How do you save a bird with fewer than 60 individuals? We built a model to find out

Research
White-bellied Heron
Population Modelling
Conservation
Using integrated population modelling and Bayesian viability analysis, our new study identifies which conservation actions give the White-bellied Heron its best chance of survival.
Author

Indra Acharja

Published

March 15, 2025

Imagine you are responsible for the survival of a species. There are fewer than 60 of them left in the wild. They live across three countries, in river valleys being rapidly transformed by dams, agriculture, and human settlement. You have limited funding, a small team, and the knowledge that every decision you make — or fail to make — will reverberate across what remains of a wild population.

Where do you start?

This is not a hypothetical. It is the reality facing conservationists working to protect the White-bellied Heron, one of the most critically endangered birds on Earth. And it is the question that drove our recent study, published in Avian Conservation and Ecology.

The problem with guesswork

Conservation decisions are often made with incomplete information. Which intervention matters most? Is it better to protect nesting sites, improve survival of adults, or invest in a captive breeding programme as a safety net? Without a clear way to test these alternatives, the temptation is to do everything — which is rarely possible with limited resources — or to rely on intuition.

We wanted something more rigorous. We wanted to be able to say: given what we know about this population, this is what the numbers look like under different scenarios.

Building a model for an extraordinary bird

To do that, we built what ecologists call an integrated population model (IPM) — a statistical framework that pulls together multiple streams of data simultaneously. In our case, that meant combining annual population counts, breeding success data from nest monitoring, and estimates of adult and juvenile survival, all collected over more than a decade of fieldwork in Bhutan.

By combining these data streams rather than analysing them separately, the model gives more precise and internally consistent estimates of what is actually driving population change.

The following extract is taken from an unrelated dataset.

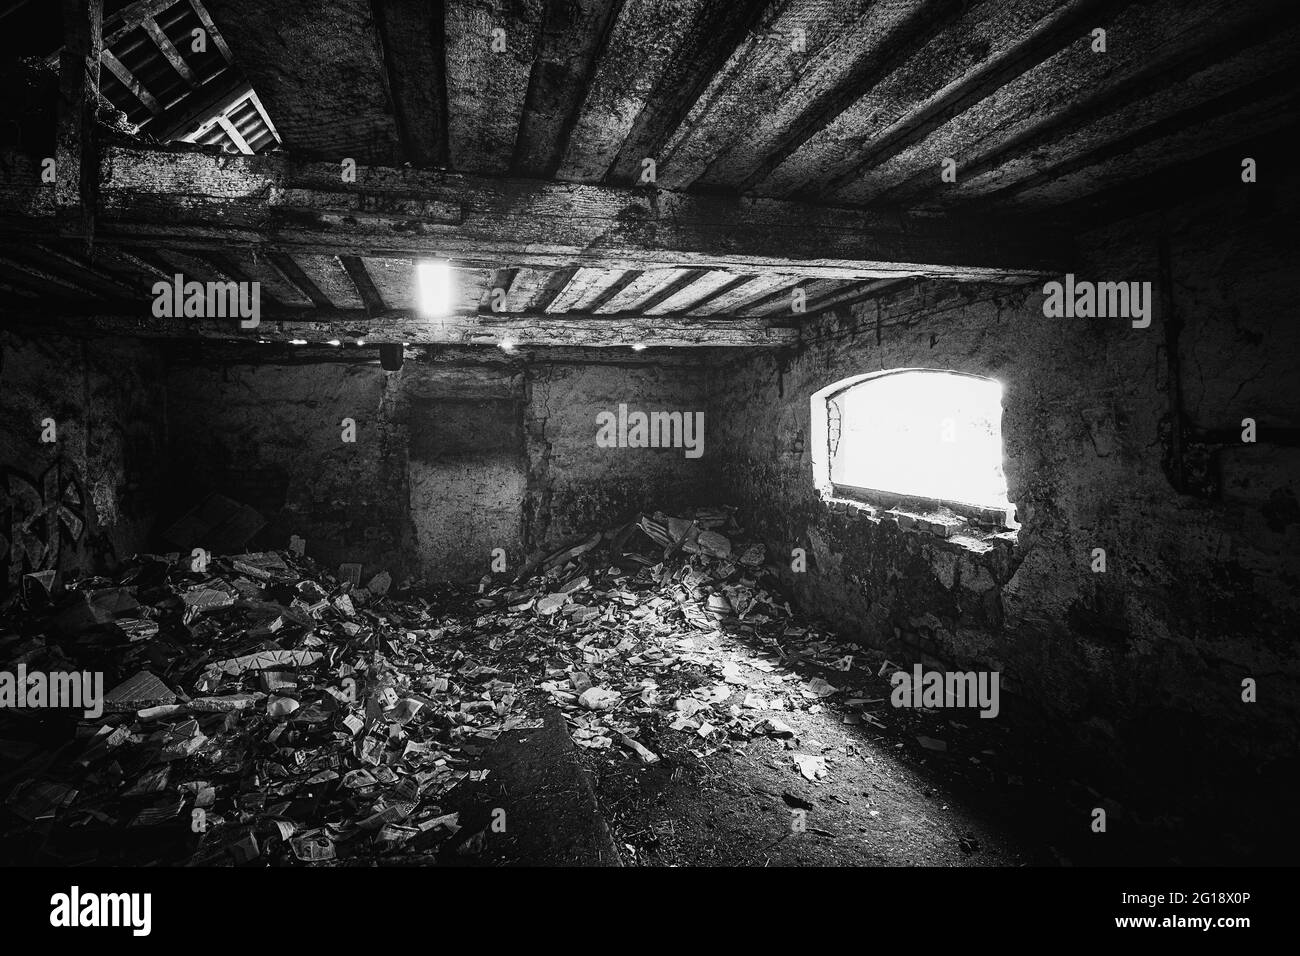 Alptraum Horror Keller in einer alten, verlassene Scheune im 'The Blair Witch Project' Stil. Leerstehende, unbewohnte Architektur, Abandoned Place Stock Photo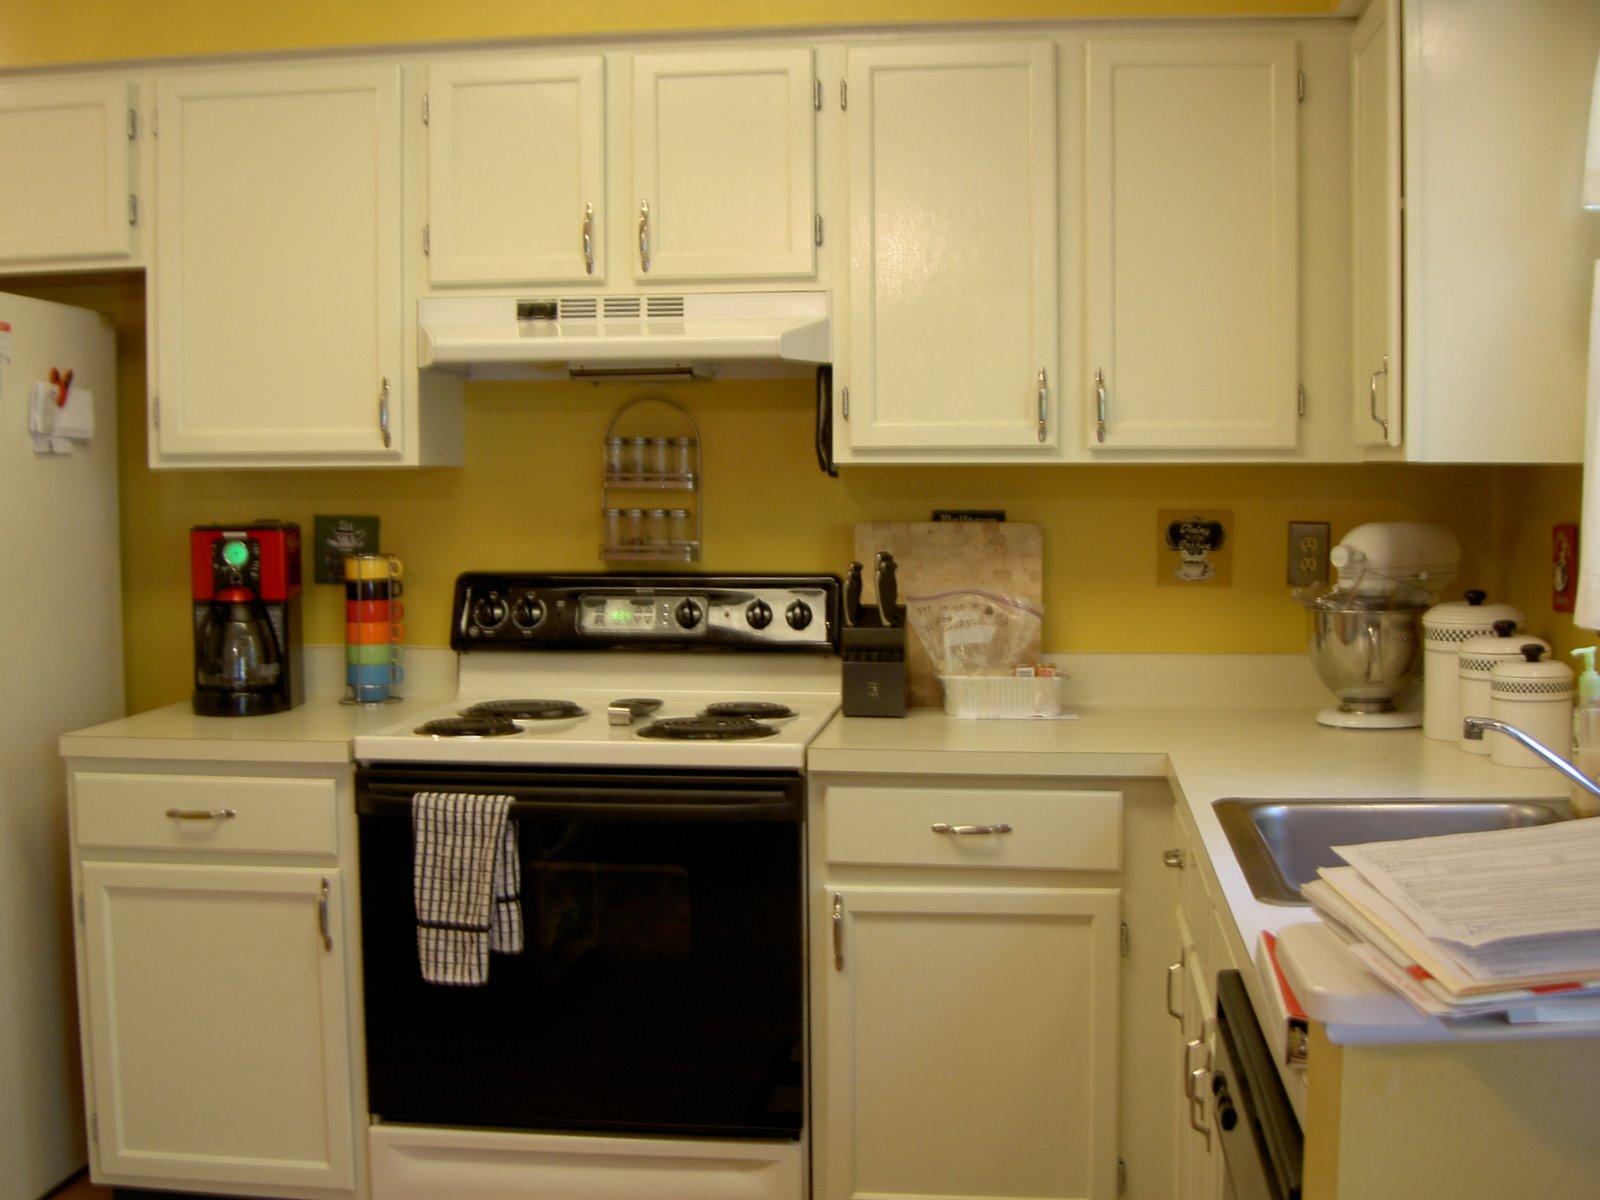 White Kitchens With Black Appliances

We then extended this into a Bayesian population viability analysis (BPVA) — essentially a way of running thousands of simulated futures for the population and seeing how likely different outcomes are under different conditions. Bayesian methods are particularly well-suited to this kind of work because they properly account for uncertainty: we do not pretend to know things more precisely than we actually do.

What the model found

The results are confronting. Without any change in current conditions, our simulations suggest the wild White-bellied Heron population in Bhutan faces a high probability of continued decline. The model is not predicting imminent extinction — the birds are still there, still breeding — but the trajectory is in the wrong direction, and the margin for error is narrow.

The analysis also let us ask: what if things changed? We modelled a range of conservation scenarios — increasing nest survival through active protection, reducing adult mortality, managing disturbance at key sites — and examined how each one affected the population’s prospects over the coming decades.

The findings pointed clearly toward the value of improving juvenile and adult survival. Interventions that keep more birds alive between breeding seasons — reducing mortality from disturbance, collision, and other human pressures — have a proportionally larger effect than improvements to breeding success alone. This matters because it tells us where to focus.

The model also reinforced the importance of the ex-situ (captive) population maintained by the Royal Society for Protection of Nature in Bhutan. In a population this small, chance events — a flood, a disease, a single bad breeding season — can have outsized consequences. The captive population acts as an insurance policy: a reservoir of individuals that can, if needed, contribute to the wild population’s recovery.

Why models matter in conservation

There is sometimes scepticism about mathematical models in conservation. Real species are complicated. Real habitats are messy. Can equations really capture what matters?

In our experience, the value of models is not that they give you a perfect prediction of the future. They do not. The value is that they force you to be explicit about what you know, what you do not know, and what assumptions you are making. They help you see which uncertainties matter most — and therefore where more data would change decisions. And they give you a common language for discussing alternatives with managers, policymakers, and funders.

For a species as rare as the White-bellied Heron, a model that synthesises a decade of painstaking field data into actionable guidance is worth every line of code.

What comes next

This study establishes a baseline. We now have a quantitative picture of where the Bhutan population stands and what is most likely to help it. The next steps involve refining those estimates as more field data accumulates, extending the model to include populations in India and Myanmar, and working with partners on the ground to translate the findings into specific management actions.

The White-bellied Heron does not have the luxury of waiting for perfect information. But armed with the best available evidence — and a model that honestly represents what we know — we are in a better position to act.


The full study — “Investigation of effective conservation measures for the critically endangered White-bellied Heron Ardea insignis using an integrated population model and Bayesian population viability analysis” — is published in Avian Conservation and Ecology, 20(1):19 (2025) and is freely available at doi.org/10.5751/ACE-02833-200119.

Authors: Indra Acharja, Yuji Okahisa, M. Clay Green, Thinley Lhendup, Sonam Tshering, Thinley Phuntsho, Tshering Tobgay, Lungten Lungten, Jigme Tshering, Sangay Leki.